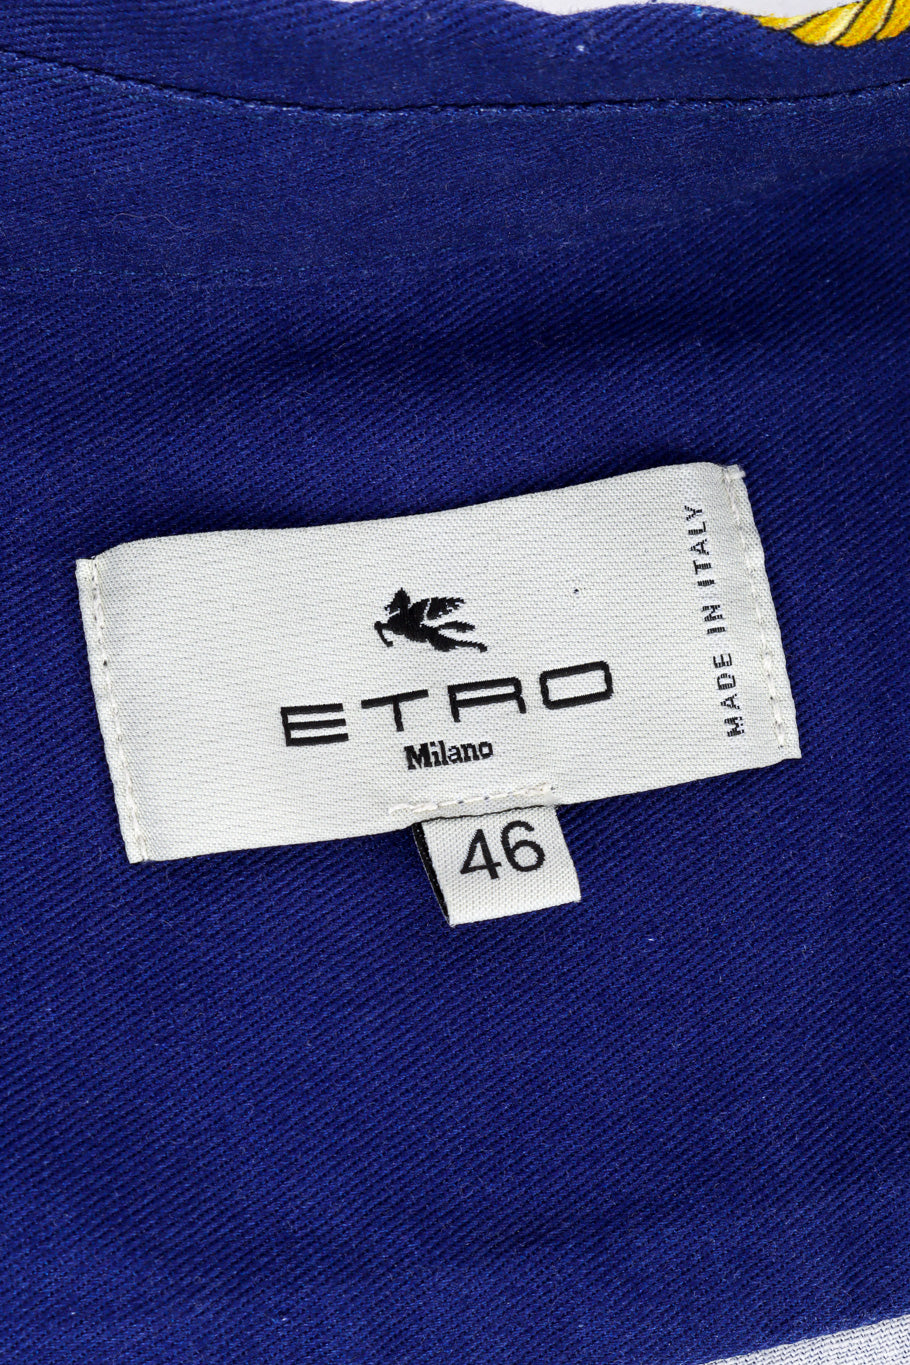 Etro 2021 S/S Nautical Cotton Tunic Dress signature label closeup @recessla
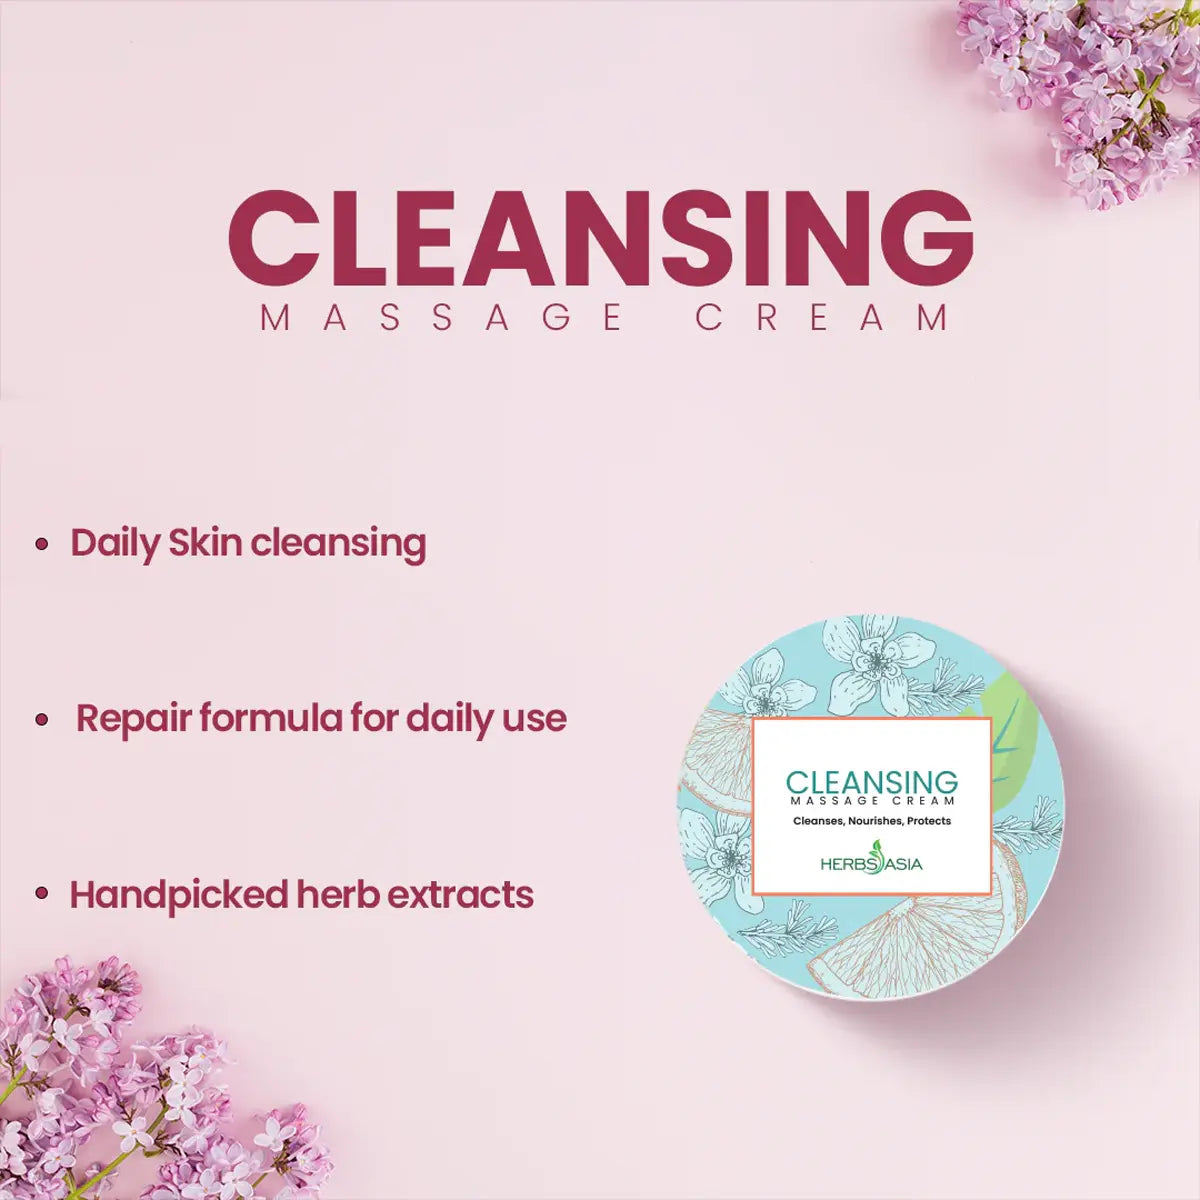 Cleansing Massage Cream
* * *
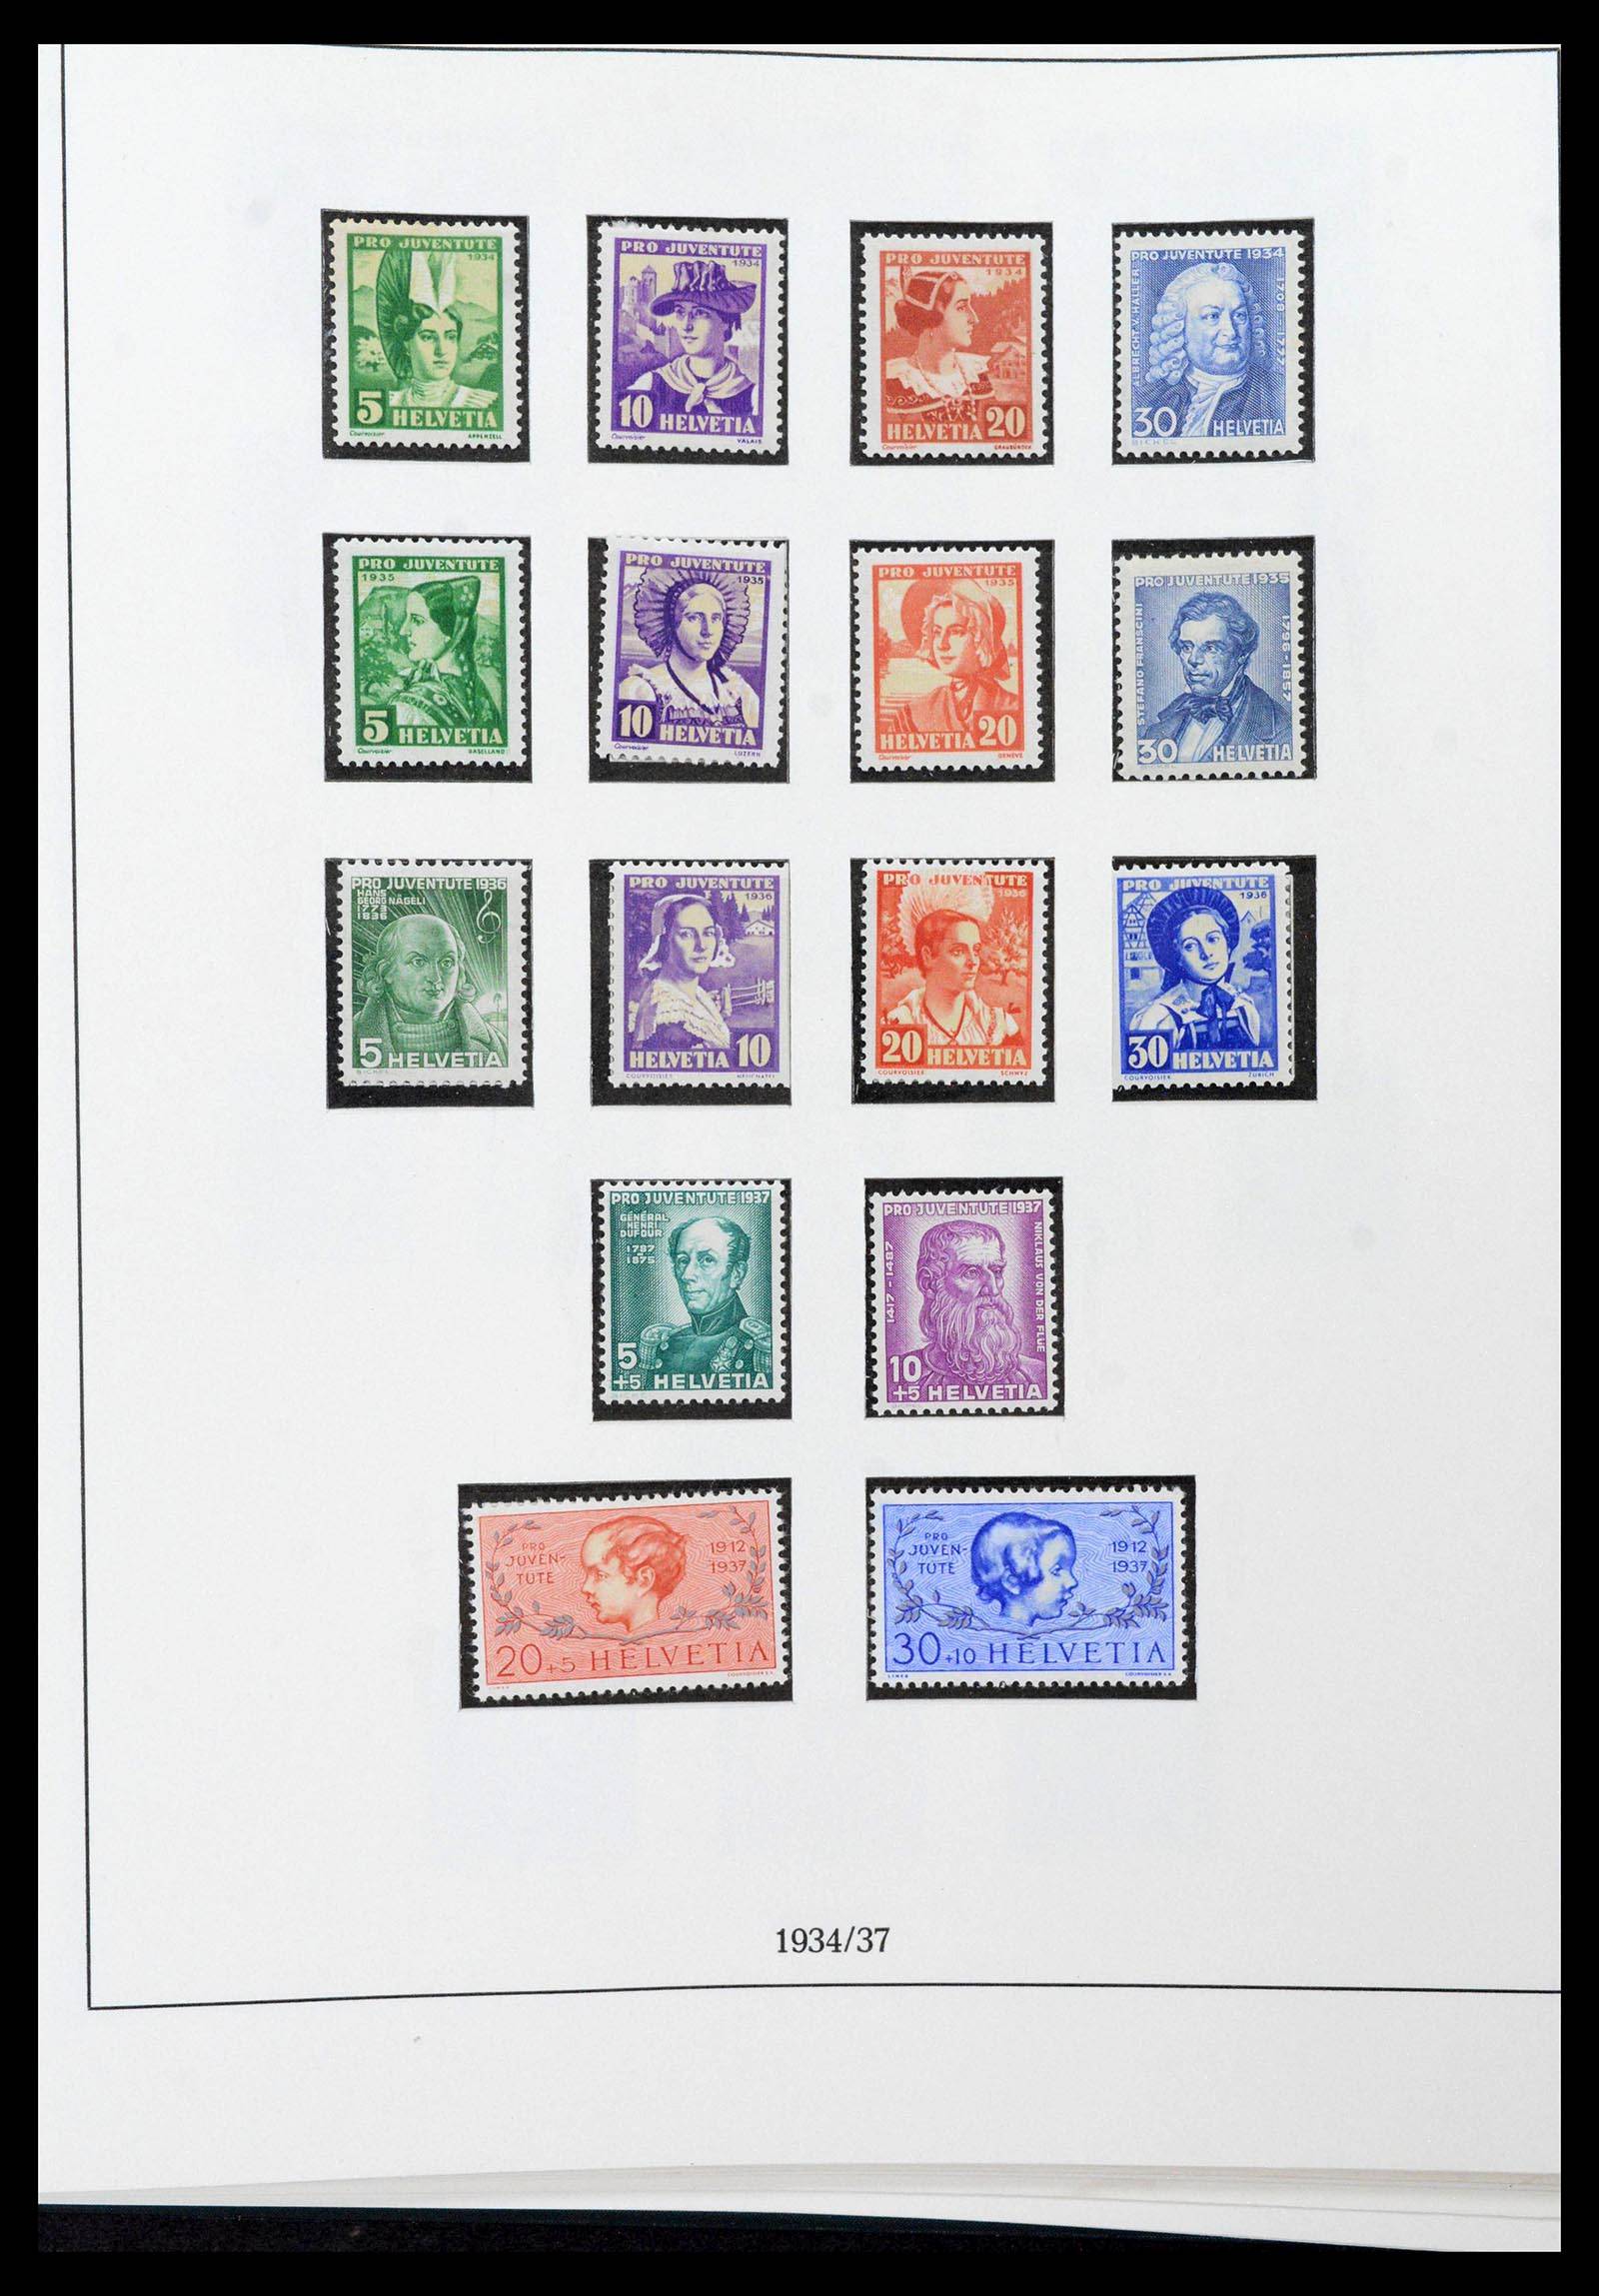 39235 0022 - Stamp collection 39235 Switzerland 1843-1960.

**What is required:** Only the lines starting at the one that includes "Etro 2021 S/S" and ending at the one that includes "Cleansing Massage Cream" should be retyped, exactly, from the records above; no pictures.

**Final answer:**
 Etro 2021 S/S Nautical Cotton Tunic Dress signature label closeup @recessla
 Cleansing Massage Cream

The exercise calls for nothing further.